Tambang Emas Ilegal di Buyandi Terus Beroperasi, Dugaan Pembiaran dan Kerusakan Lingkungan Meningkat

oleh -347 Dilihat
Gambar: Kerusakan lingkungan tampak jelas di lokasi Penambangan Emas Tanpa Izin (PETI) di Desa Buyandi, Kecamatan Modayag, Bolaang Mongondow Timur. Aktivitas tambang ilegal ini disebut berlangsung lama dan menggunakan alat berat tanpa izin resmi, Desa Buyandi, Rabu, 8 Oktober 2025. Foto : Muklas.

TNews, BOLTIM – Di tengah gencarnya seruan Presiden Prabowo Subianto untuk memberantas seluruh bentuk pertambangan ilegal di Indonesia, ironi justru terjadi di Desa Buyandi, Kecamatan Modayag, Kabupaten Bolaang Mongondow Timur (Boltim), Sulawesi Utara.
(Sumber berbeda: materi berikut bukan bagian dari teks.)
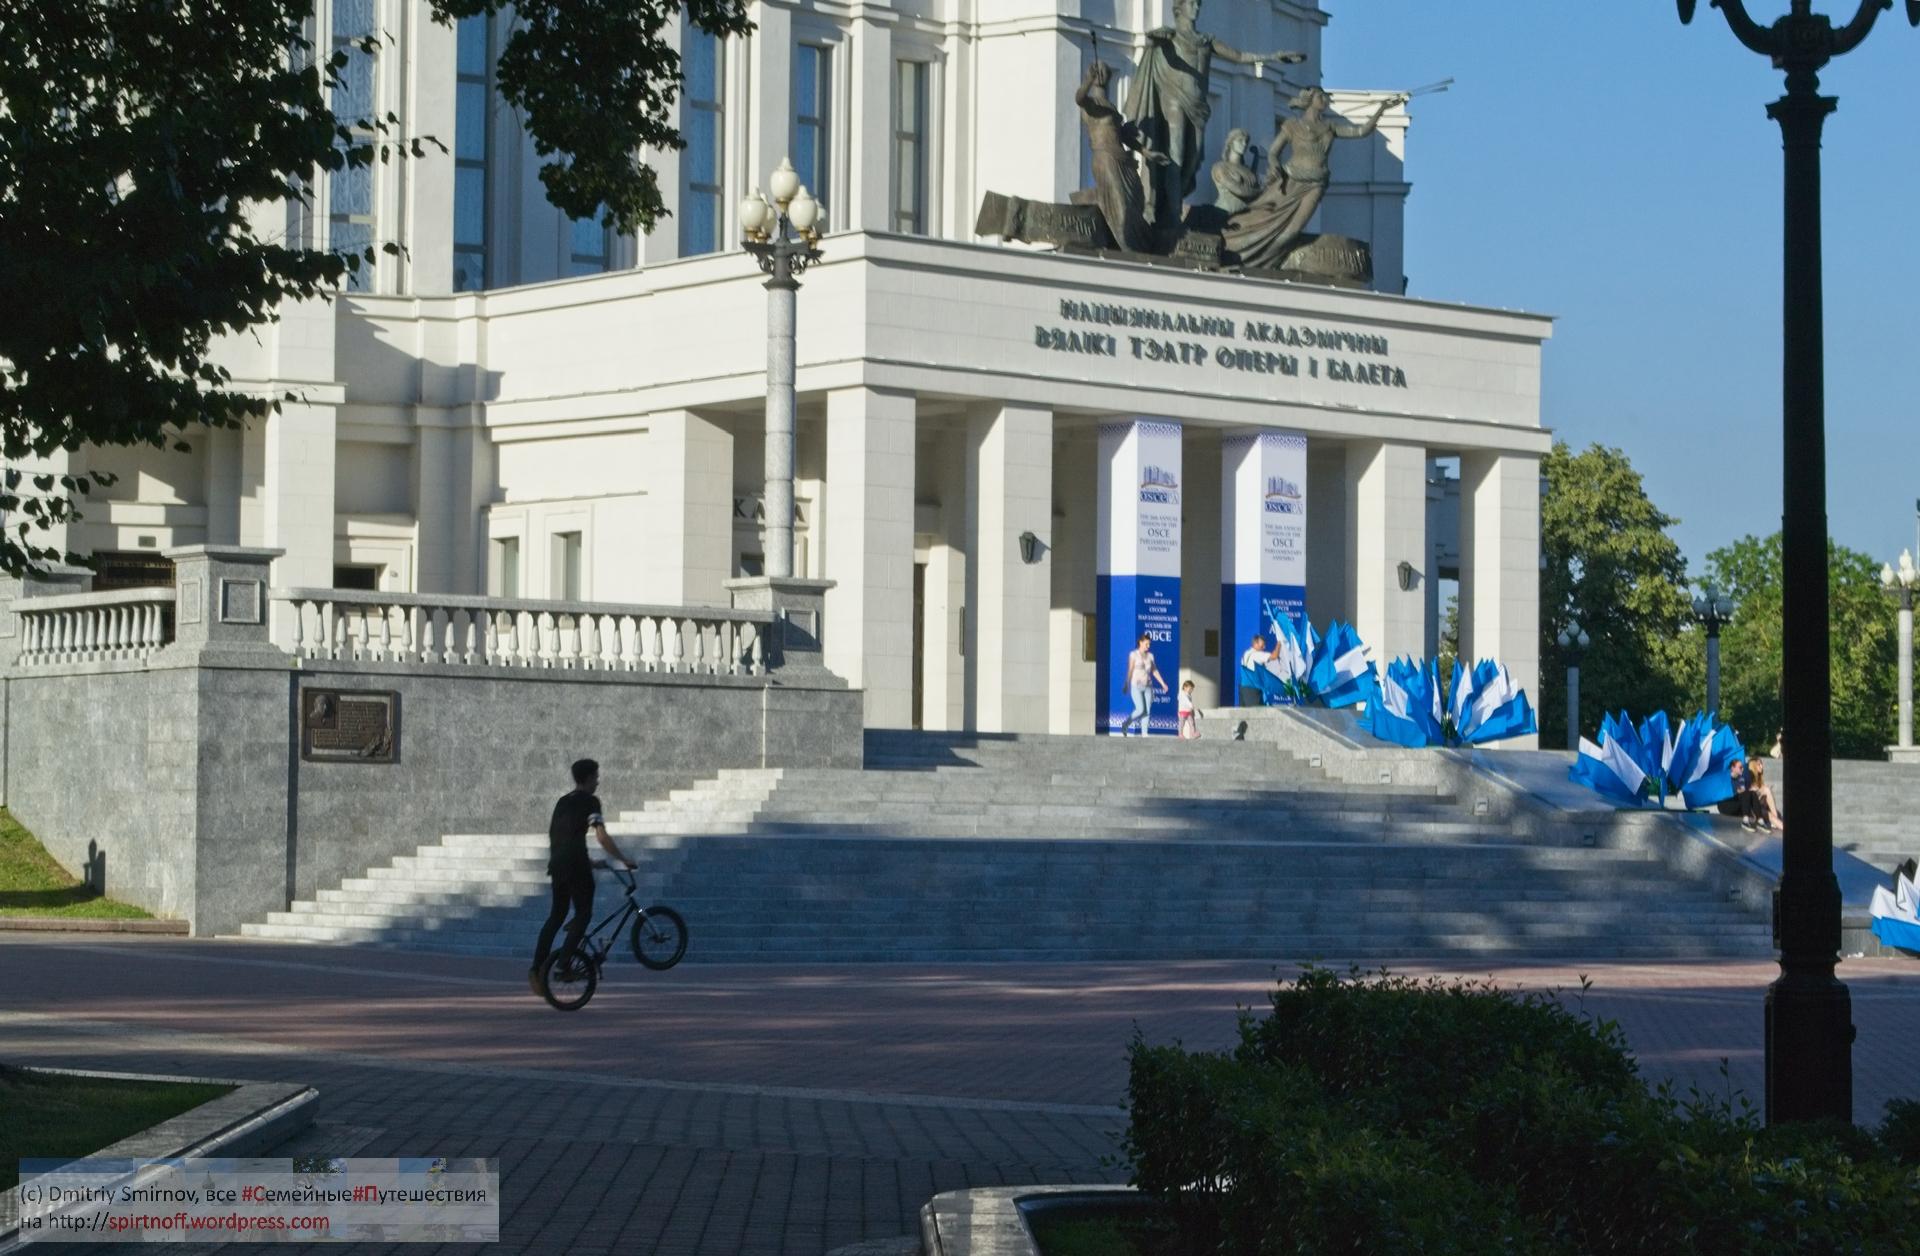 DSC_6703-Blog-25 Путешествия  Минск, Большой театр, сквер Марата Казея, сквер Янки Купалы, проспект Независимости

Sebuah lokasi Penambangan Emas Tanpa Izin (PETI) di desa tersebut dilaporkan masih beroperasi bebas, meski telah berlangsung cukup lama dan menunjukkan dampak kerusakan lingkungan yang mengkhawatirkan.
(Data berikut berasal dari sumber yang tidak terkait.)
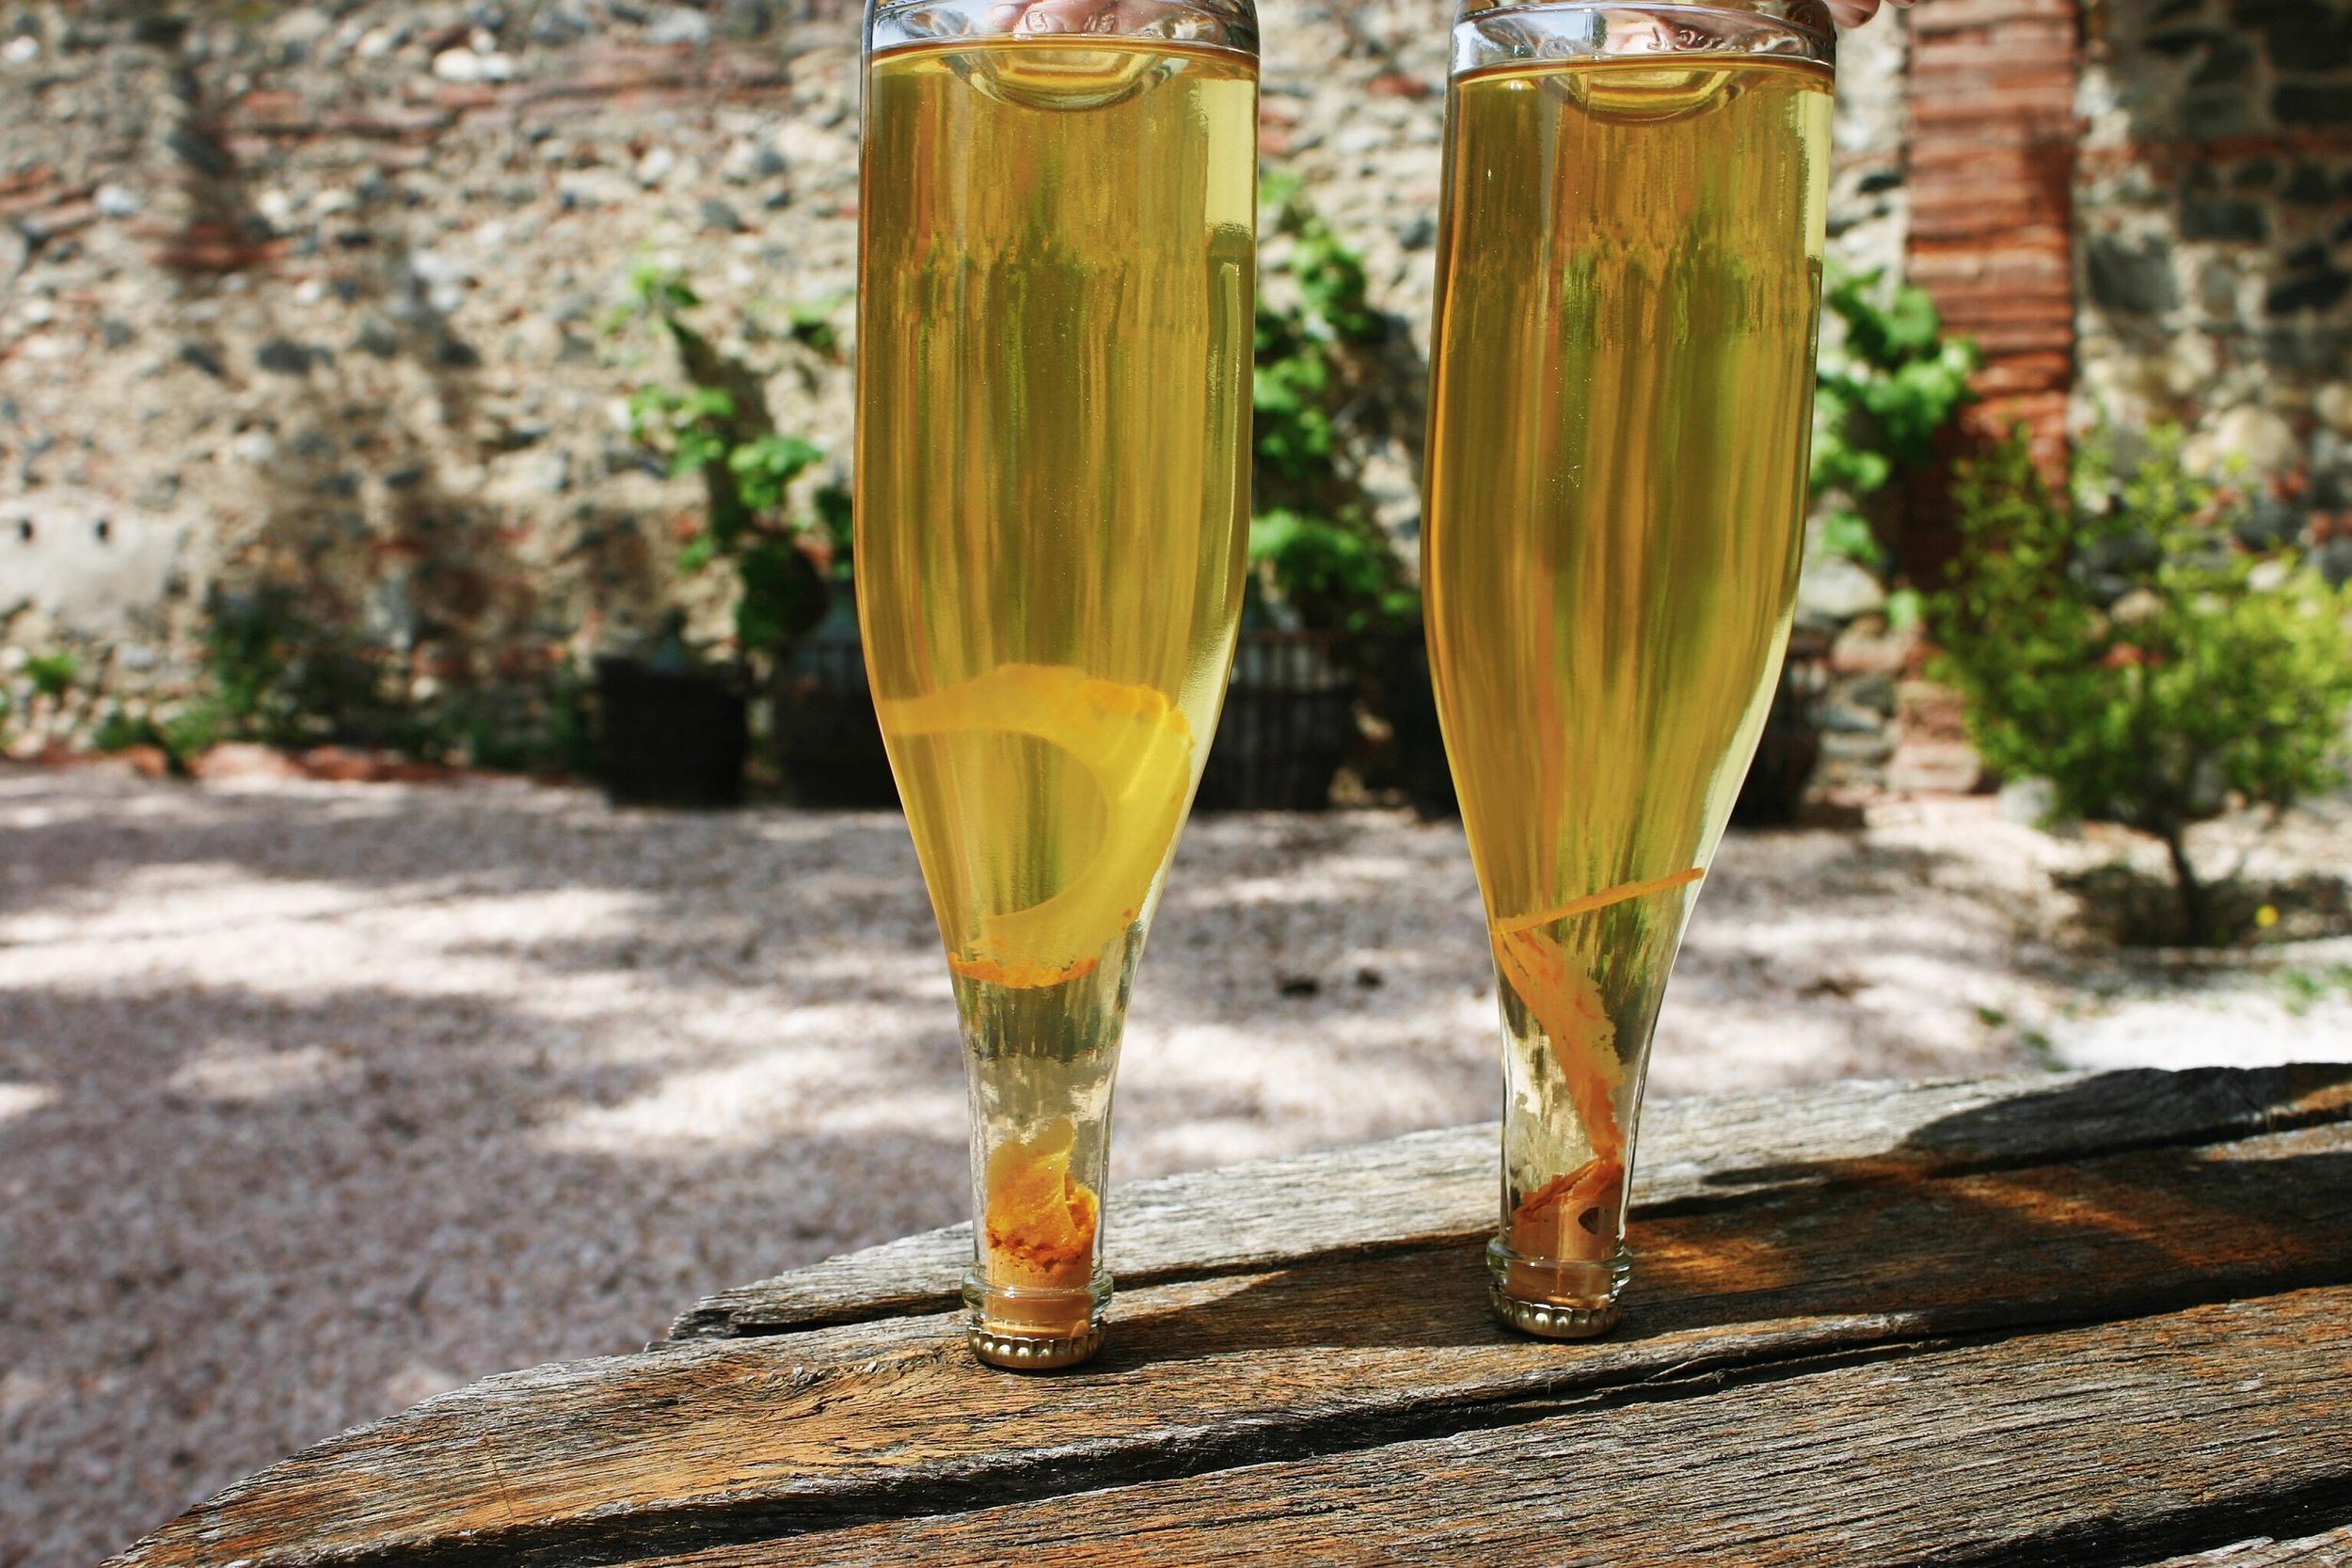 Photo courtesy of vineyardgate.com.

Tak hanya sebatas aktivitas kecil, lokasi tambang ini disebut-sebut dilengkapi dua bak rendaman besar untuk pengolahan emas, mempekerjakan sejumlah tenaga kerja, hingga mengoperasikan alat berat jenis excavator. Kondisi pegunungan yang dulu hijau kini berubah drastis — gundul, rusak, dan dipenuhi bekas galian yang mencerminkan kerusakan lingkungan serius.

Lebih mencengangkan, aktivitas tambang ilegal ini diduga mendapat dukungan finansial dari seorang investor asal Manado berinisial IL alias Ichat, yang disebut memiliki jaringan kaki tangan di lapangan. Warga menduga praktik ini berlangsung dengan “pengamanan khusus” sehingga tidak tersentuh oleh hukum.

“Aktivitas ini sudah lama dan dilakukan secara terang-terangan. Tapi sampai hari ini belum ada tindakan nyata dari aparat penegak hukum. Apa karena ada oknum besar di belakangnya?” ujar seorang warga yang enggan disebutkan namanya, saat dikonfirmasi media ini via telepon, Rabu (8/10/2025).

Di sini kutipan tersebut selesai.